First things first: does your child want to pursue this or are they parental plans?
Homeschooling encourages lack of structure and a relaxed approach to learning. The learning of medicine or engineering requires rigorous work, adhering to schedules and rules laid out externally. They are both diametrically contrarian formats.
If you or they wish to go in the drill, keep them in the race. Adapting to restrictions after tasting freedom will be difficult.
“Can working parents manage homeschooling?”
Ironically, this question is never asked when managing children with their schooling and allied activities – from dragging them out of bed every morning, to packing tiffins, school pickups and drops, homework, parents’ WhatsApp groups, sports days and other school events, after-school tuitions, field trips, birthdays. As a working parent, you manage all that.

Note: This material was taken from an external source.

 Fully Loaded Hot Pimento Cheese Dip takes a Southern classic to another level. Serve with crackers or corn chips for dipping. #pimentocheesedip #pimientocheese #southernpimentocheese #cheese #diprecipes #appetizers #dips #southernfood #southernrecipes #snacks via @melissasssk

As a homeschooling family, too, we face tasks. We are the “in-sources” of education for them. We don’t have deadlines but we have children constantly expecting us to fill in their waking hours. We have to expose them to the right opportunities and experiences, and let them choose what they want so that they whine less.
Schooling and homeschooling both require every parent’s complete investment. School may absolve the dad’s role at times as mostly moms can manage, even if they do get exhausted. When homeschooling, the absence of either parent will be palpable and potent.
However there are single parents raising children in both arenas with success. It is the parents’ vision for their life that counts.